Sakaï poussa un profond soupir. « Parce que votre arme la plus puissante, amiral – cette foi que les gens ont en vous –, pourrait bien vous permettre de sauver une Alliance que je crois pour ma part vouée à sa perte. Pourrait, ai-je dit. C’est déjà ça. Pas grand-chose sans doute, mais mieux que de désespérer en assistant passivement à la si brillante, si subtile mise à mort, par des tiers, de tout ce que nous chérissons et à quoi eux aussi croient tenir.

— Qui commandera cette nouvelle flotte ?

— L’amiral Block. »

La réponse était venue spontanément, sans hésitation ni détour. Pourquoi ? « Quand bien même le Grand Conseil saurait qu’en cas de victoire lors de son attaque sur Prime, le système stellaire principal des Syndics, il comptait renverser le pouvoir par un coup d’État militaire ?

— Exactement. » Le regard de Sakaï se perdit de nouveau dans le lointain, comme s’il voyait quelque chose qui restait invisible à Geary. « Je me demande pourquoi je persévère. Puis je pense à mes enfants et aux enfants de mes enfants. À ce qu’ils deviendraient si l’Alliance se désagrégeait. Je songe à mes ancêtres, à ce que je leur dirai le jour où il me faudra les affronter et leur expliquer ce que j’ai fait de ce que m’a offert la vie. Au jugement qu’ils porteront sur moi et mes actes. » Il haussa les épaules. « Je tiens à les regarder en face et à leur dire que je n’ai jamais baissé les bras. Peut-être mes efforts sont-ils voués à l’échec, mais pas parce que j’aurai renoncé.

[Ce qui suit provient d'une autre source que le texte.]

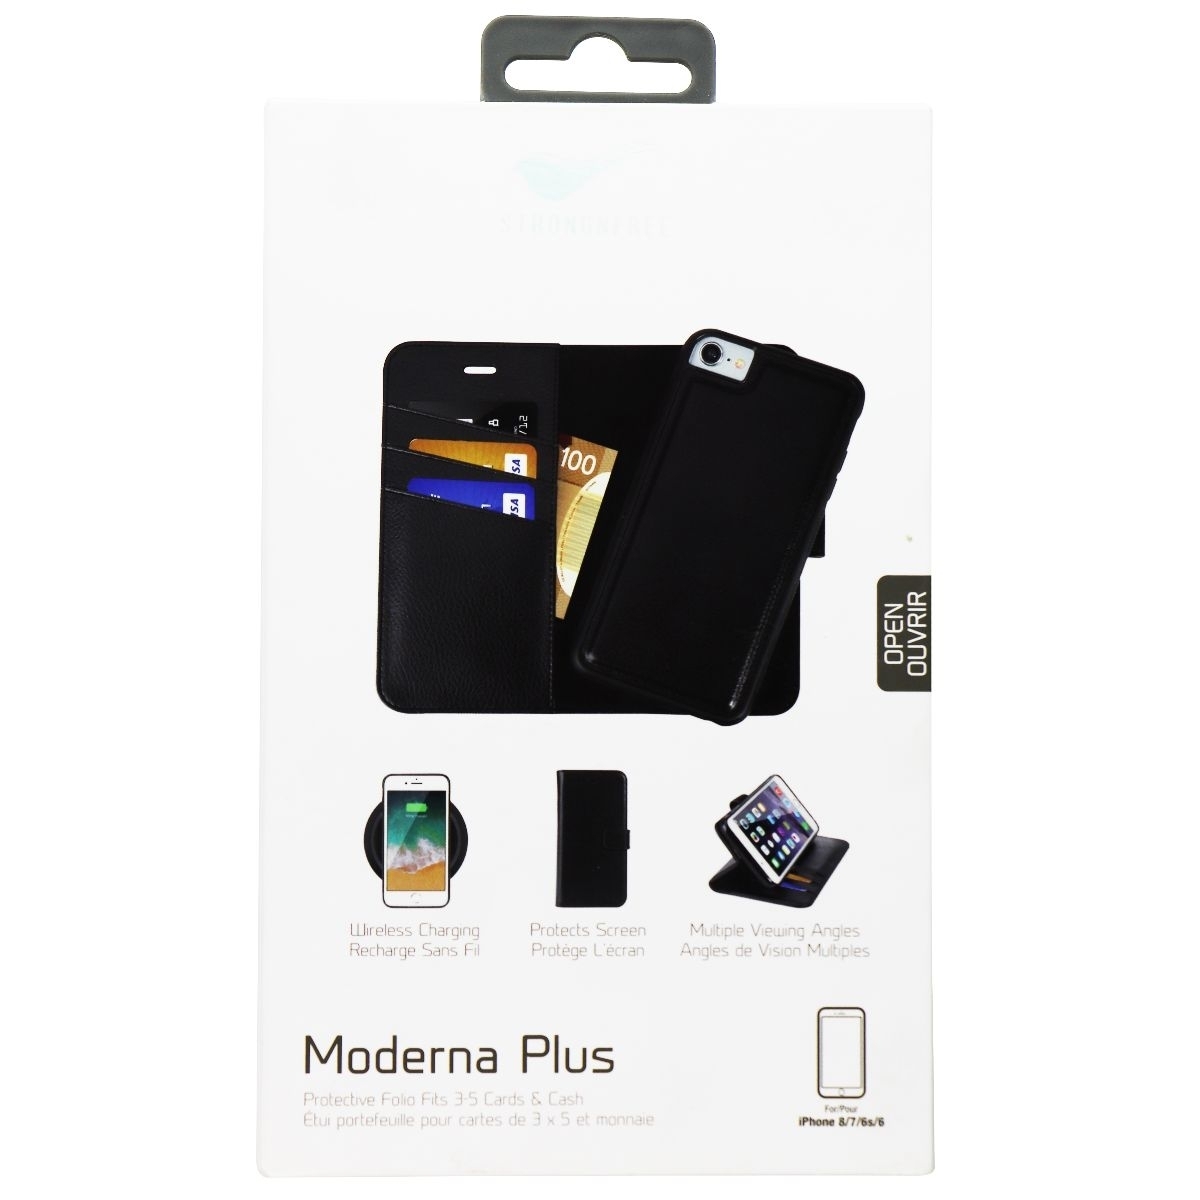 Strongnfree Moderna Plus Folio Wallet Case For Apple IPhone 8/7/6s/6 - Black (Refurbished)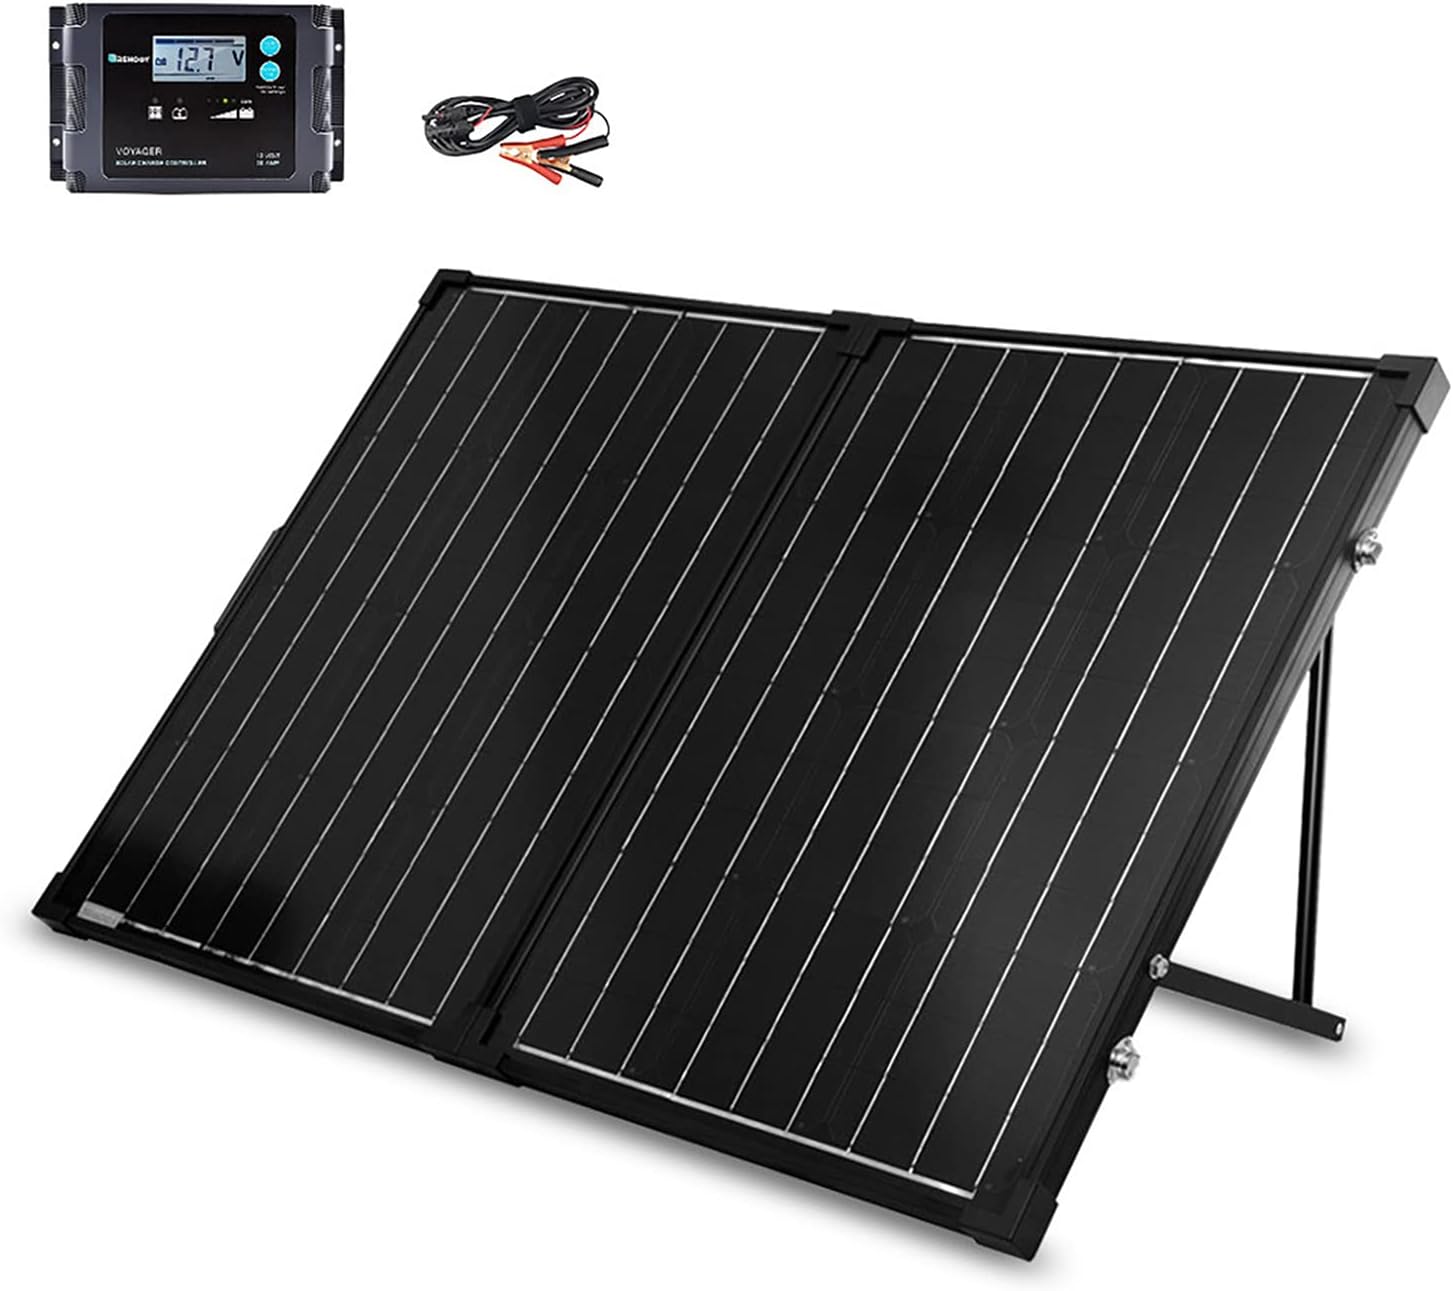 Renogy 200W Solar Panel Review

— Vous ne croyez pas vous-même que c’est désespéré », avança Geary.

Le sénateur Sakaï se leva pour partir. Son visage était de nouveau indéchiffrable. « Disons plutôt que je crains de me l’avouer, amiral. »

Après son départ, Geary se surprit à reporter le regard sur le lien, qu’il avait ouvert un peu plus tôt, relatif à l’entrée dans le Système solaire. Suis-je vraiment un anachronisme ? Très bien. Les traditions maintiennent notre cohésion mais beaucoup sont tombées en désuétude sous la pression de la guerre. Peut-être serait-il temps que l’amiral anachronique que je suis réintroduise quelques autres anachronismes.